»»

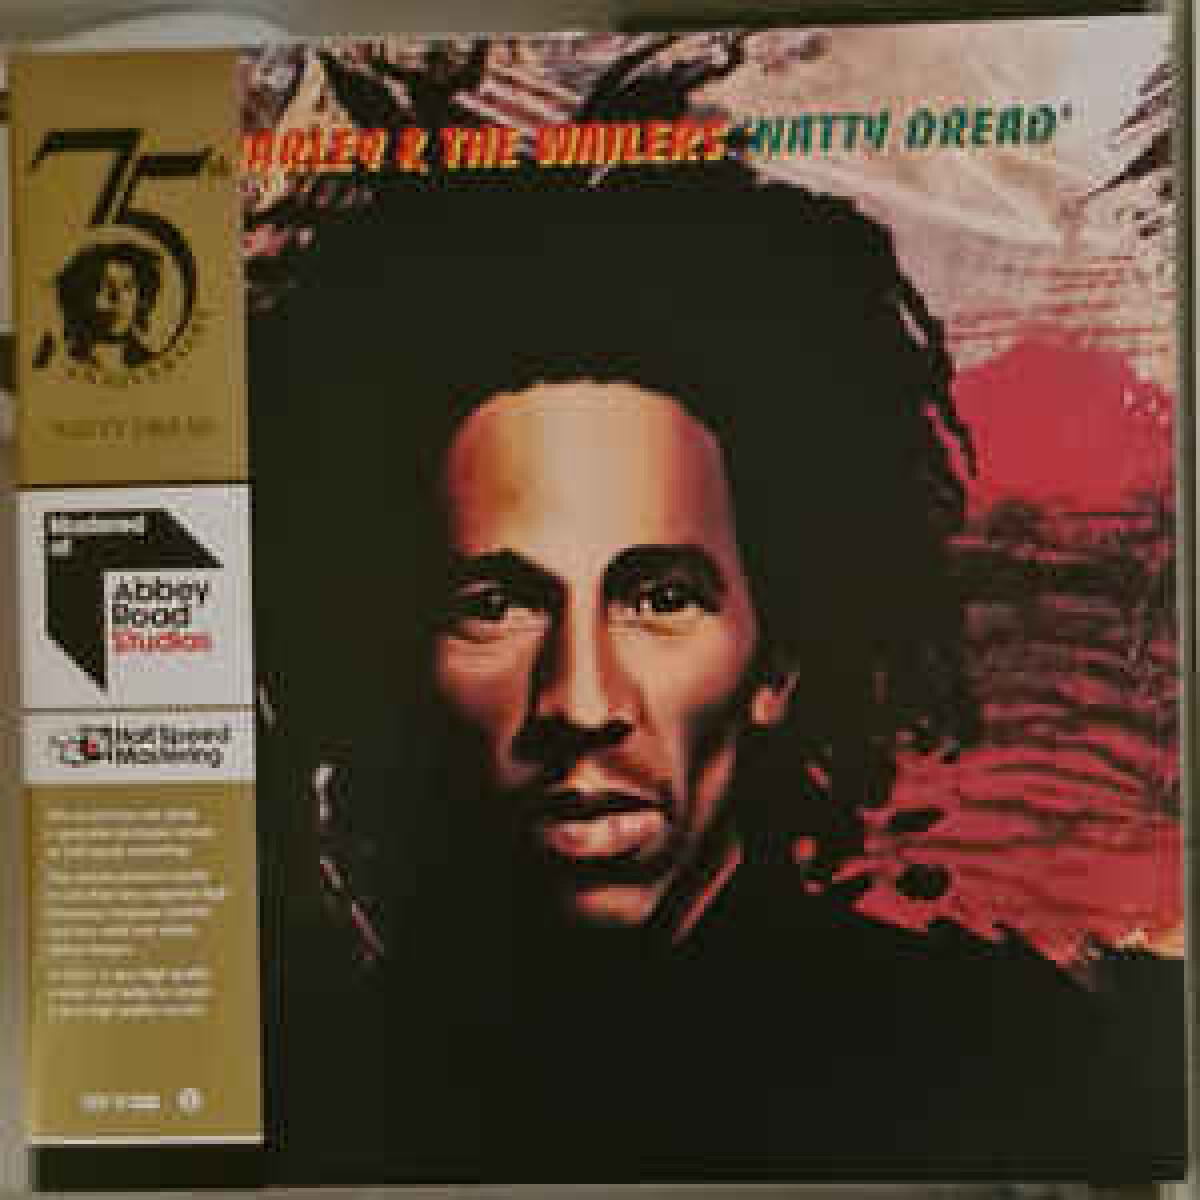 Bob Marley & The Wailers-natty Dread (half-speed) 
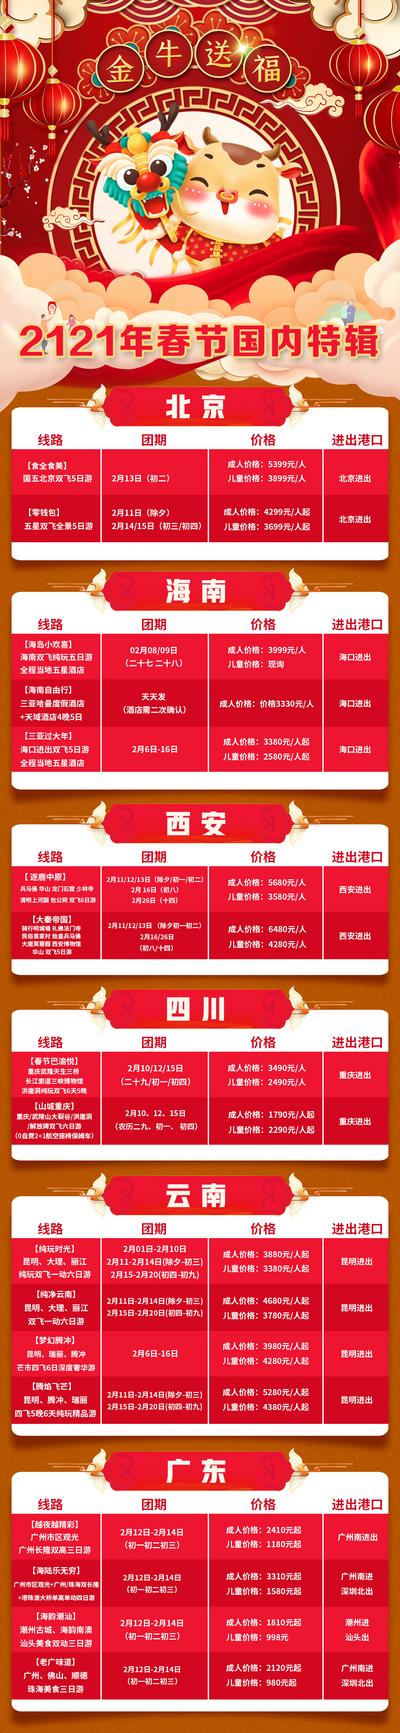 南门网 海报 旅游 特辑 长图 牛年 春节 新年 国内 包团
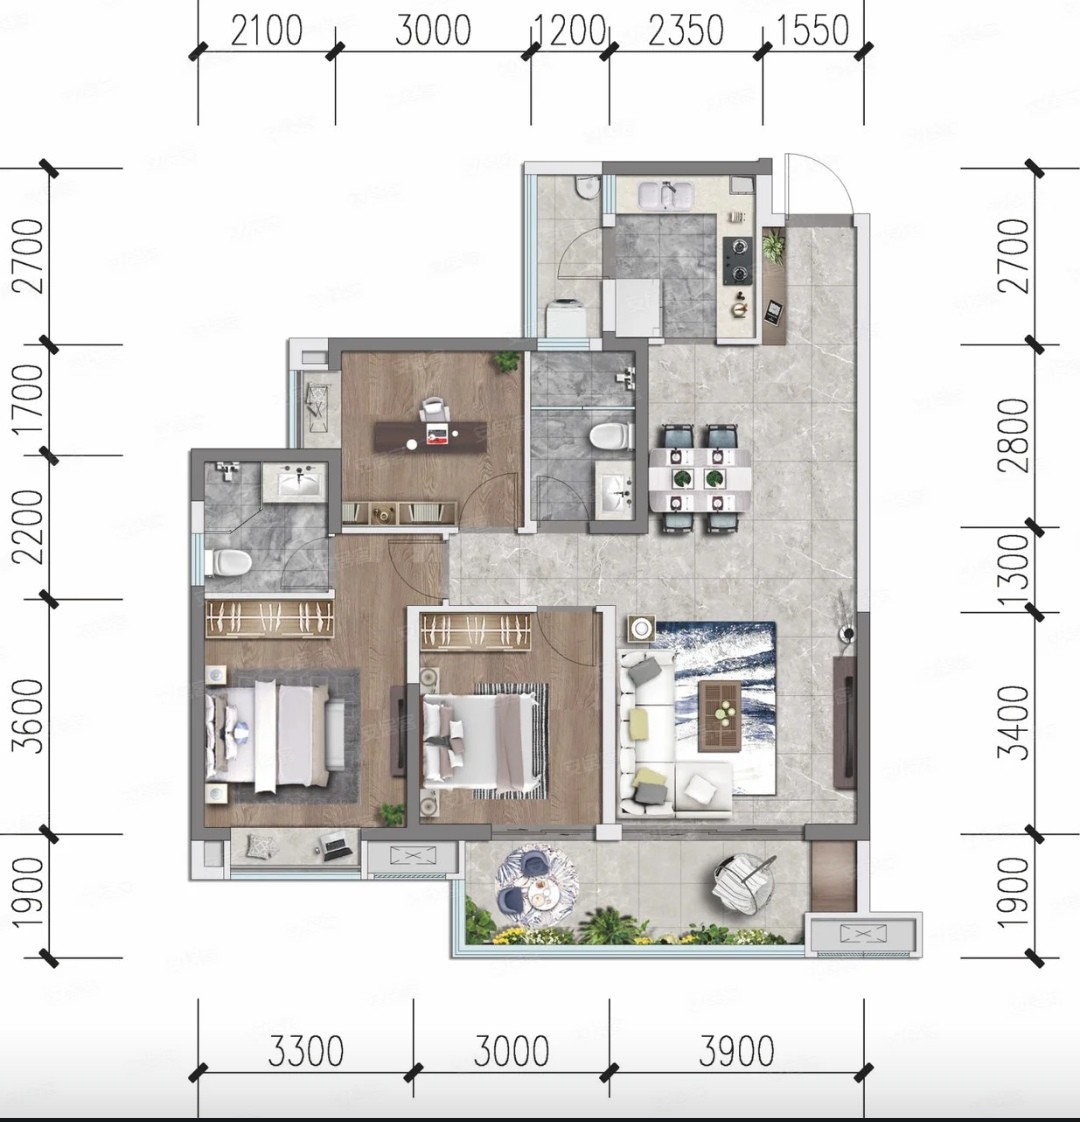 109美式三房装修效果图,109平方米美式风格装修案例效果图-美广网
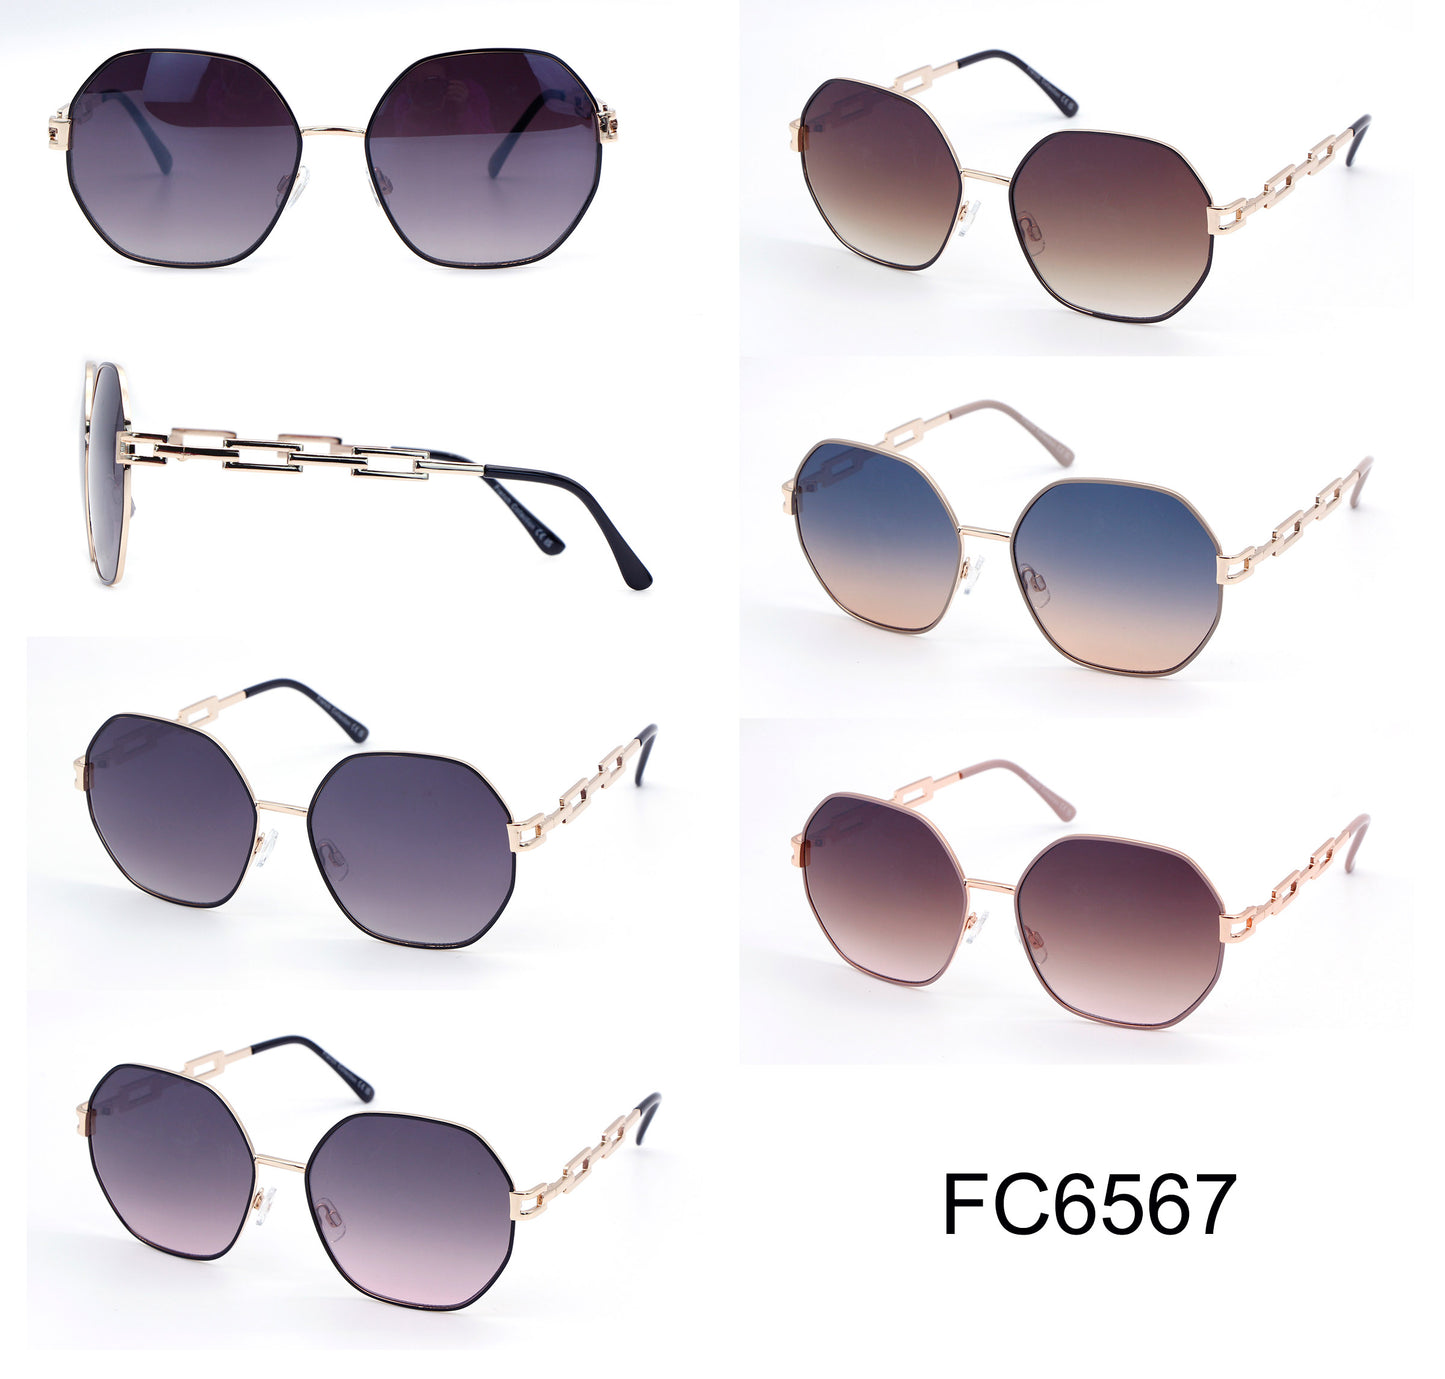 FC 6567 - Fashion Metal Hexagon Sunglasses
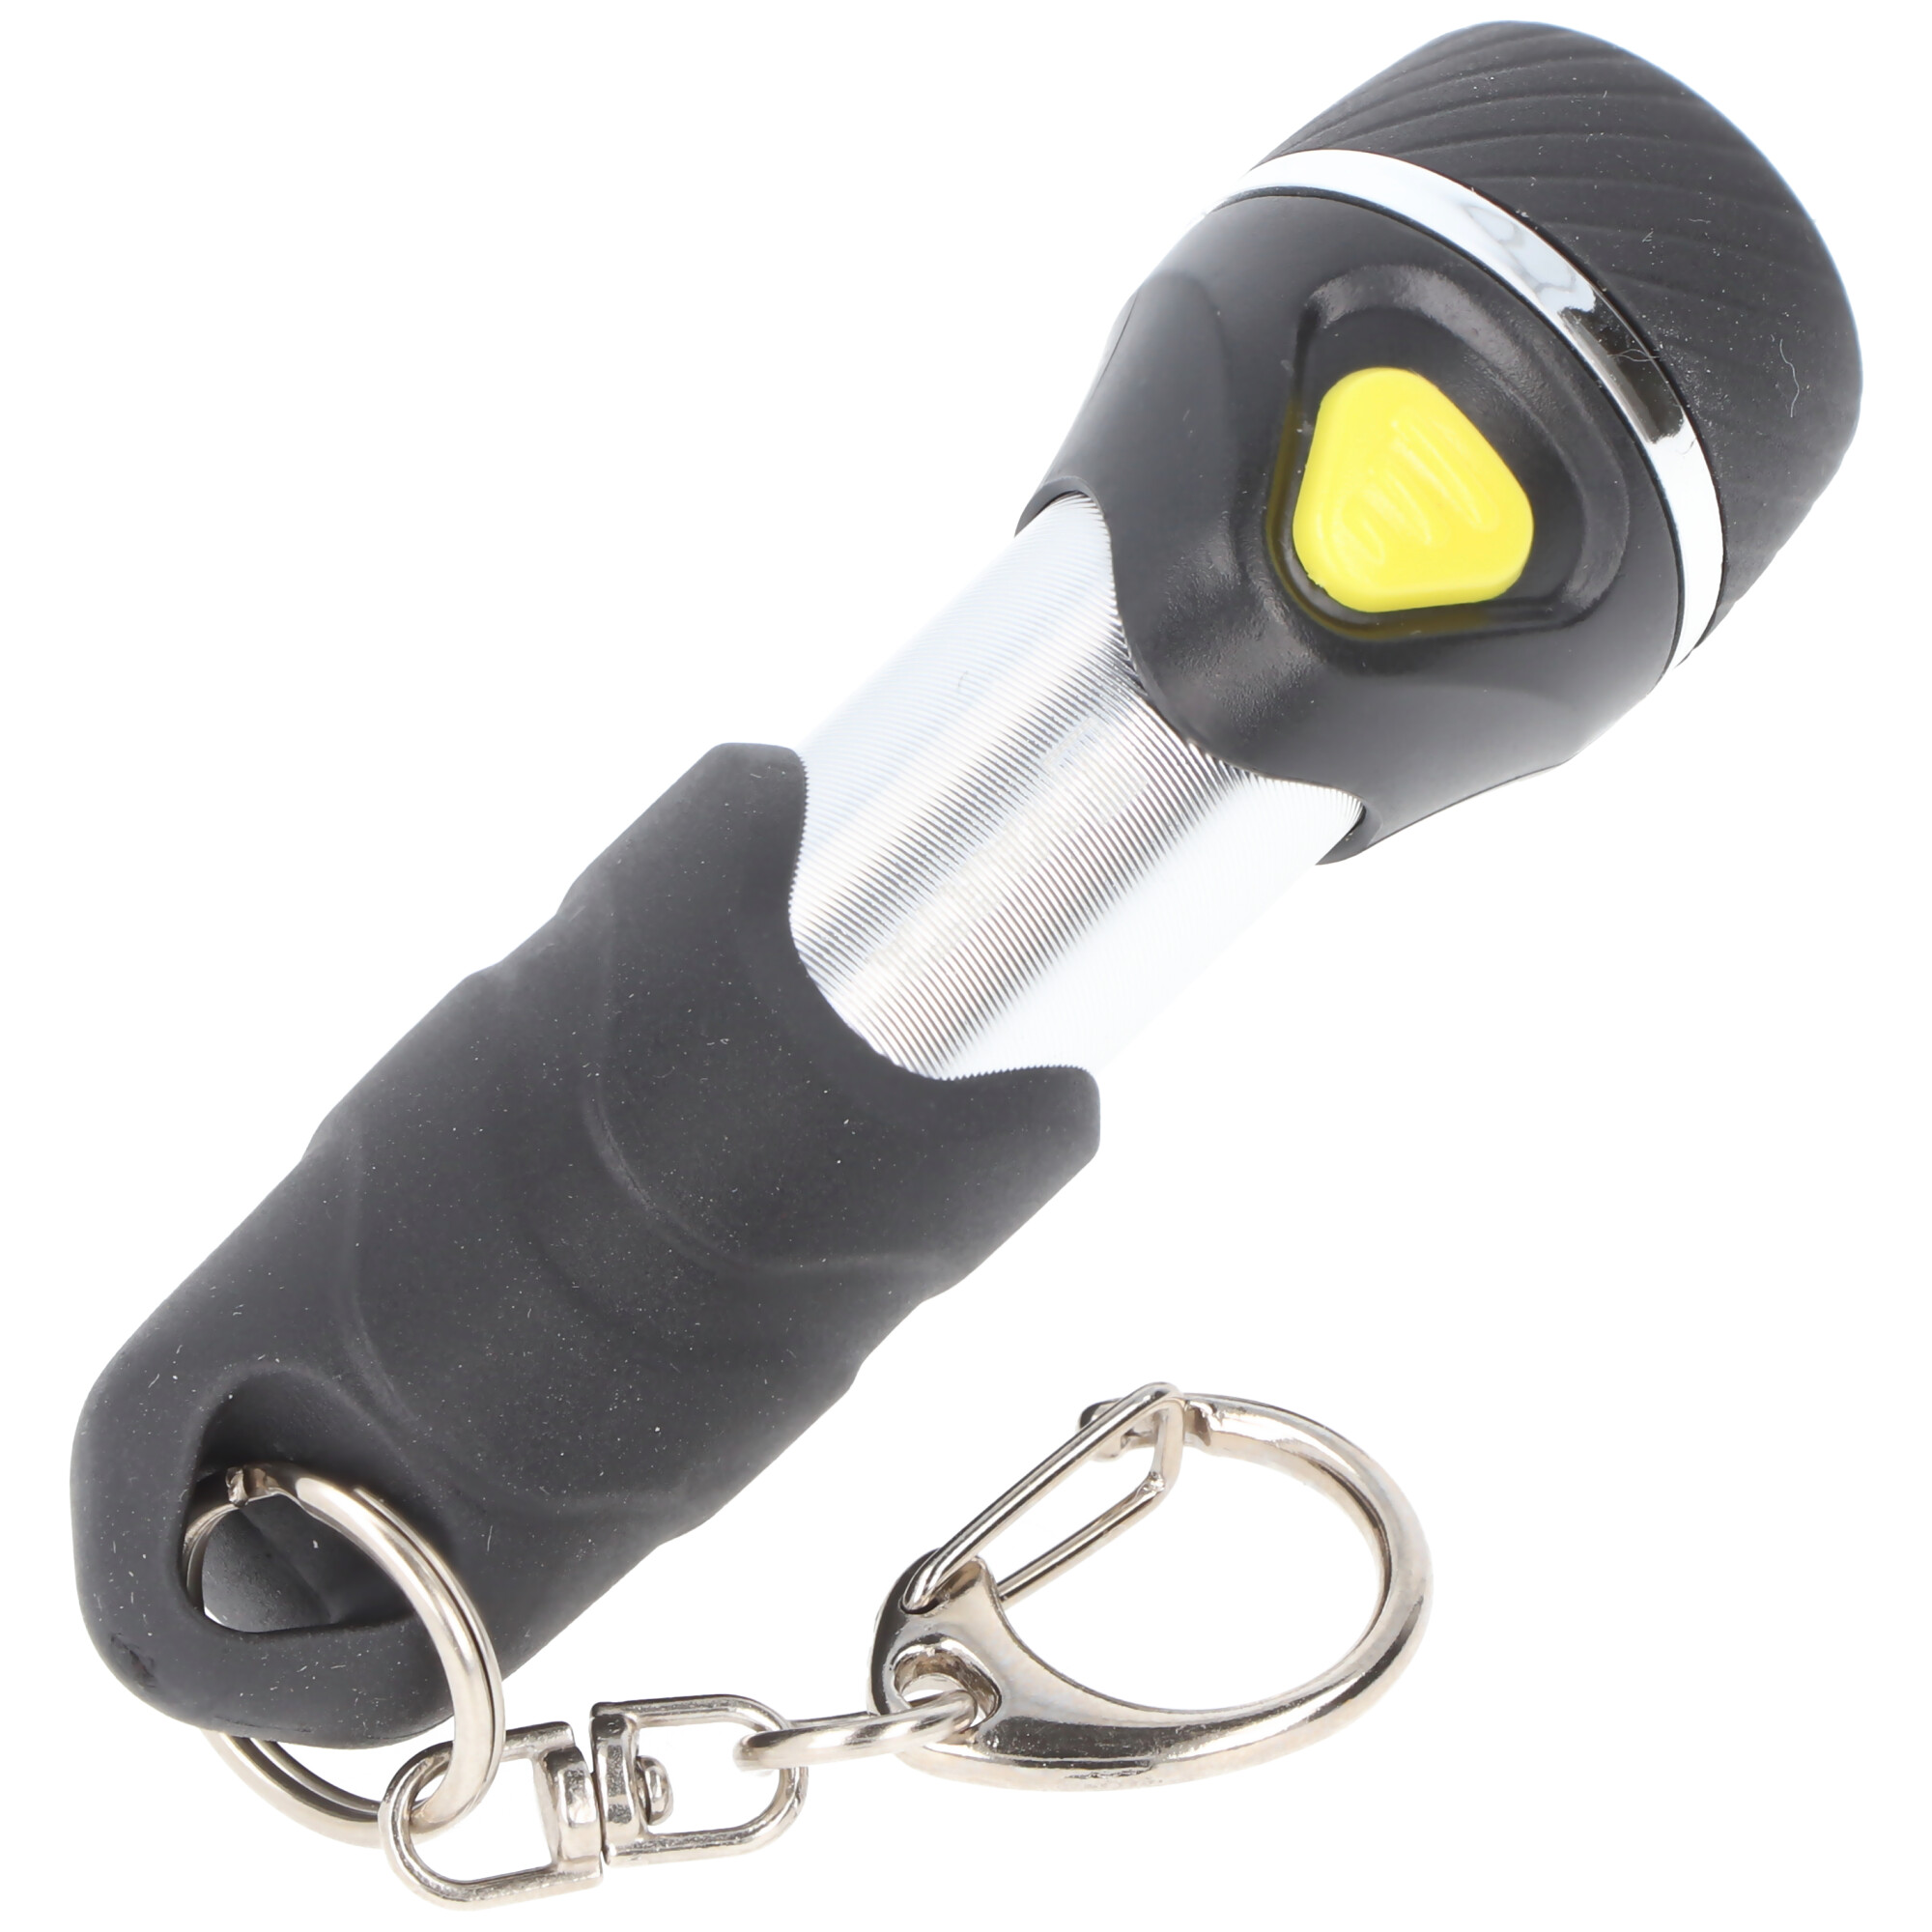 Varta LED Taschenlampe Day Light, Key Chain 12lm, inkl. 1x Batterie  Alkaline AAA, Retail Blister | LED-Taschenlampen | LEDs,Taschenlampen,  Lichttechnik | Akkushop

««

Transcribe the listing above verbatim. No picture belongs in the result.

 Bob Marley & The Wailers-natty Dread (half-speed) 
 南门网 海报 旅游 特辑 长图 牛年 春节 新年 国内 包团
 109美式三房装修效果图,109平方米美式风格装修案例效果图-美广网
 FC 6567 - Fashion Metal Hexagon Sunglasses
 Varta LED Taschenlampe Day Light, Key Chain 12lm, inkl. 1x Batterie  Alkaline AAA, Retail Blister | LED-Taschenlampen | LEDs,Taschenlampen,  Lichttechnik | Akkushop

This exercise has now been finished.